Dear Child,
I love you immensely. I’ve been blessed to have a child like you who is not just talented but also humble. But I feel you’re being trapped in the pit of expectations.
As a child, I was more carefree. I would play and study. My games were different than yours. I have lived the best moments of my life during my childhood. We learned from elders and our friends. Every little incident would teach us something. My grandparents shared their stories and I loved listening to them. They were my first superheroes.
You, my child, have a lot more than what was expected out of me. Somewhere we as parents are to be blamed. We have enrolled you into so many skill development classes. You go for a sports coaching, a drawing school, learn music and also dance after the regular school time. As parents, we are proud of you and everything you do. But, we miss you.

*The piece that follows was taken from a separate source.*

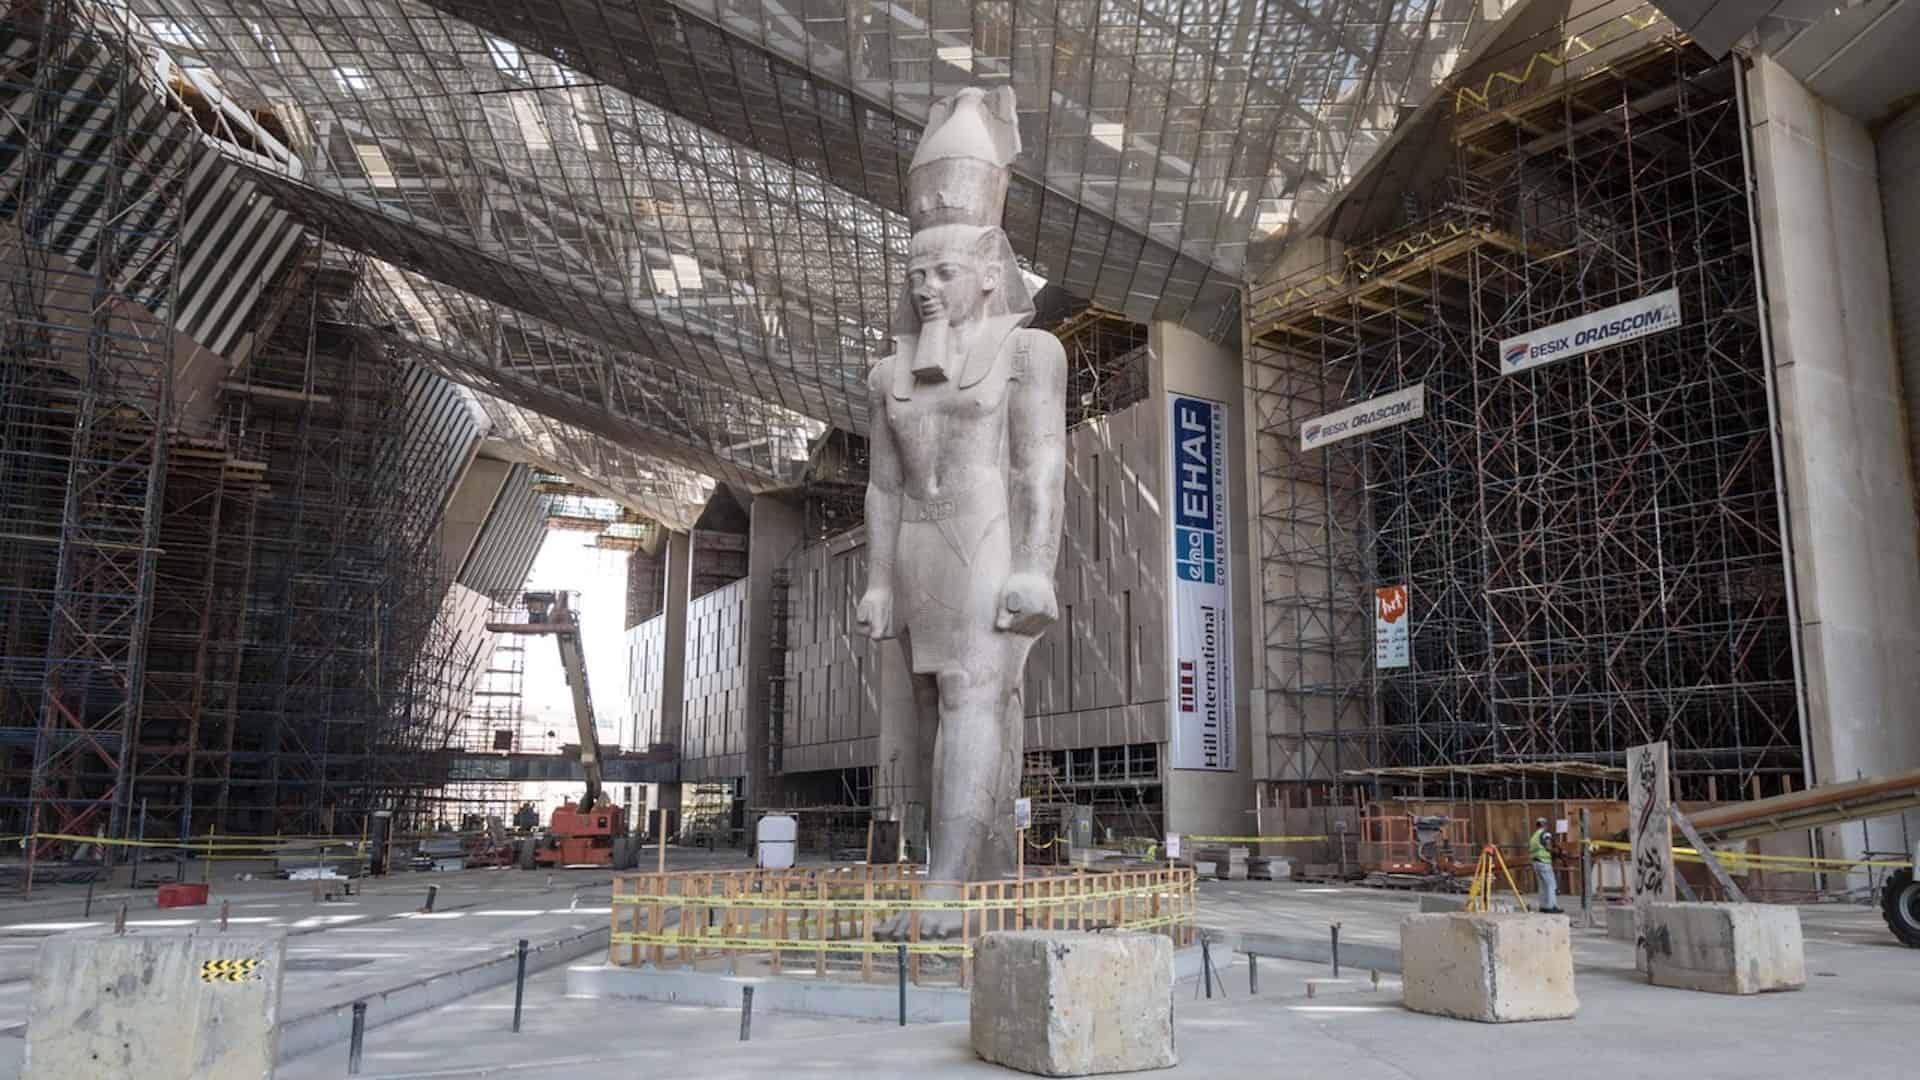 museo-egipcio-giza-piramides-01012020in1

I wish we could play together. I wouldn’t stress you out like the sports coaching center does. You wouldn’t listen to me now. The kids of your age group are mostly going through the similar exposure. Though you develop your skills it occurs to me that you’re not living a life of a child. You’re already bombarded with several responsibilities.

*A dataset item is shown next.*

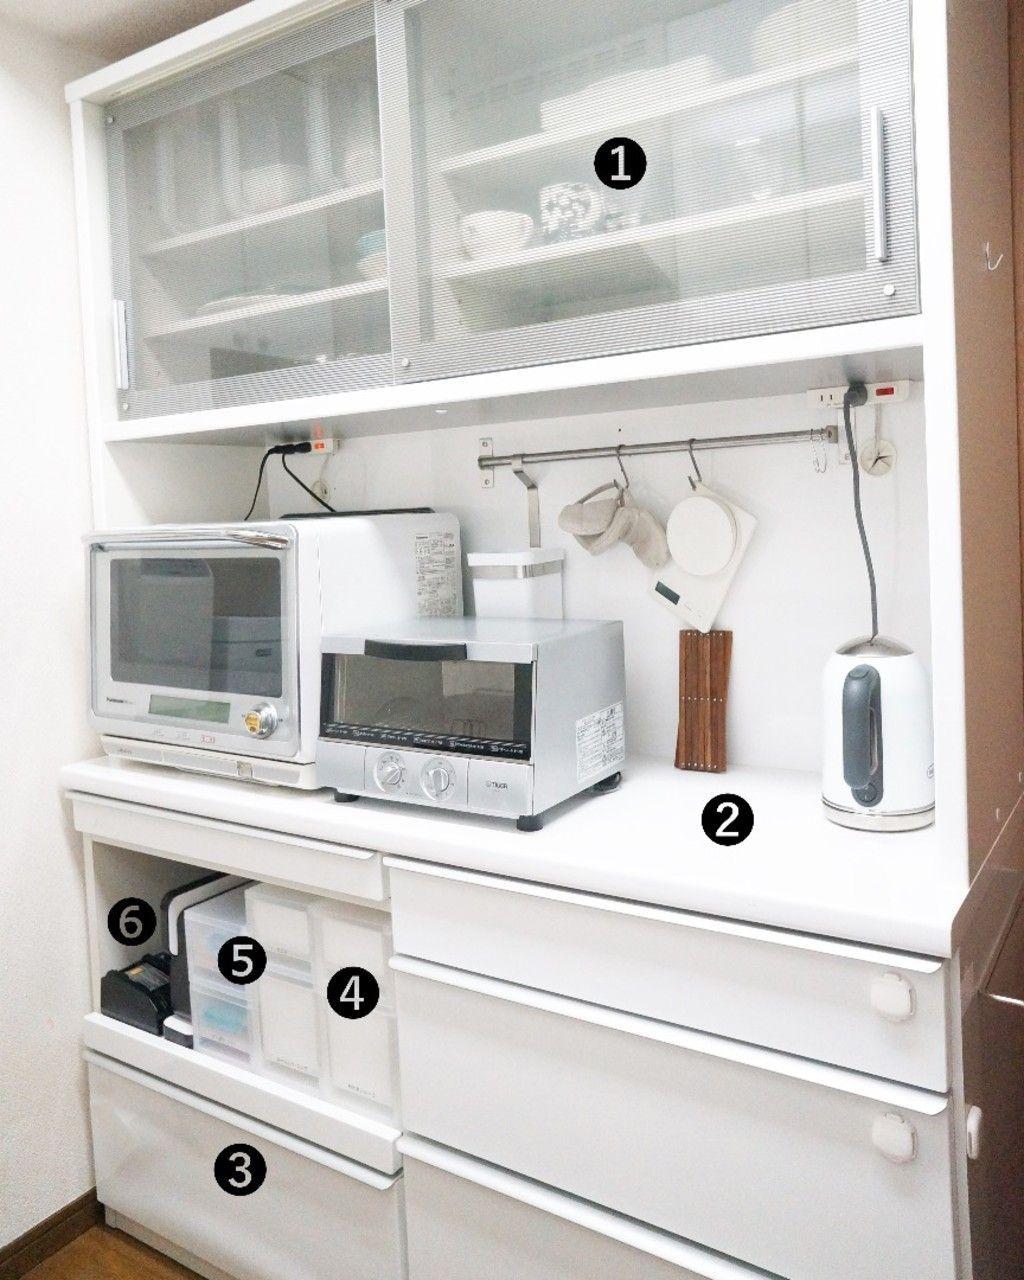 キッチン収納 使いやすい食器棚って わたしがラクする食器棚の収納方法をご紹介 Tv Unit Furniture Kitchen Cabinets Home Decor

There’s always a comparison between your peers and you want to be the best. When I was a child, it was superior to be good at a single thing. Now I see that though you’re brilliant at everything you do it doesn’t seem enough.

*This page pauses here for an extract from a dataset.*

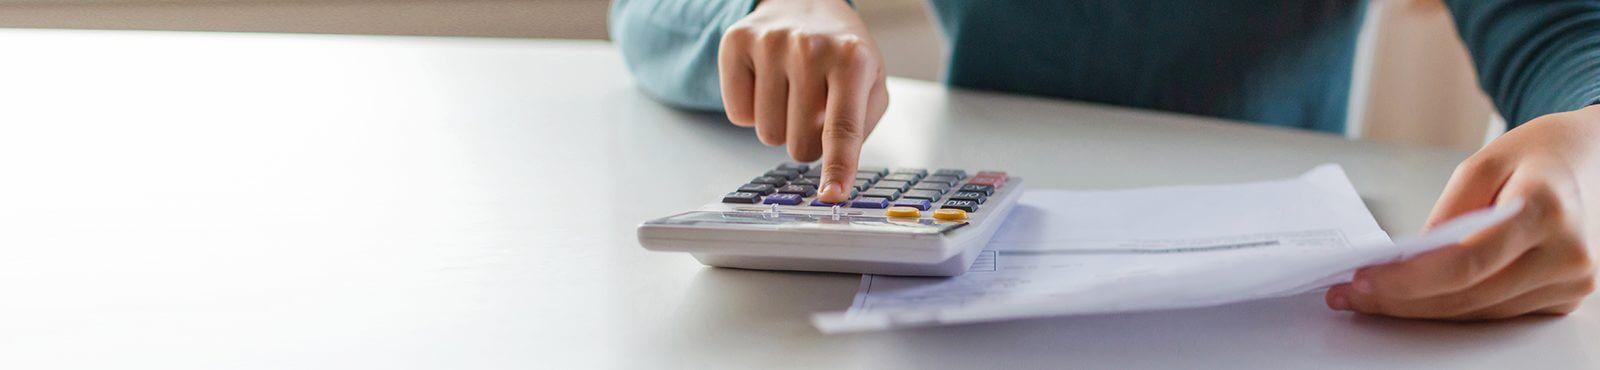 Preiskalkulation: Selbstkosten berechnen und Gewinnspanne ermitteln

I wish we could learn together instead of you learning at those routine coaching classes. Even if we try, it will be difficult for you to stand at par with your peers. The kids at your school are excelling at different skills. Just like you, we are concerned about your happiness and achievements.
We want you to be successful and live a happy life. We want to give you the best of everything that’s available. While doing so I can see that we’re not really being helpful. We’re encouraging the pressure that competition and comparison brings. We are preparing you for future by keeping the innocence of childhood at stake. While working so hard already you’re missing out on the smaller things which are important.
Before blaming anybody else we as parents are to be blamed. We have followed the mainstream way without considering the cons and only looked at the pros.
What can we do now?
It’s children’s day and we apologize to you. We promise to let you free of the traps of expectations. We will learn as a team. Your childhood will be innocent and happy. Help us make your childhood more meaningful than the various coaching classes you go to. Your childhood will not be only about developing skills which can be useful for your future.
A message to both parents and children: Never let the child within you die.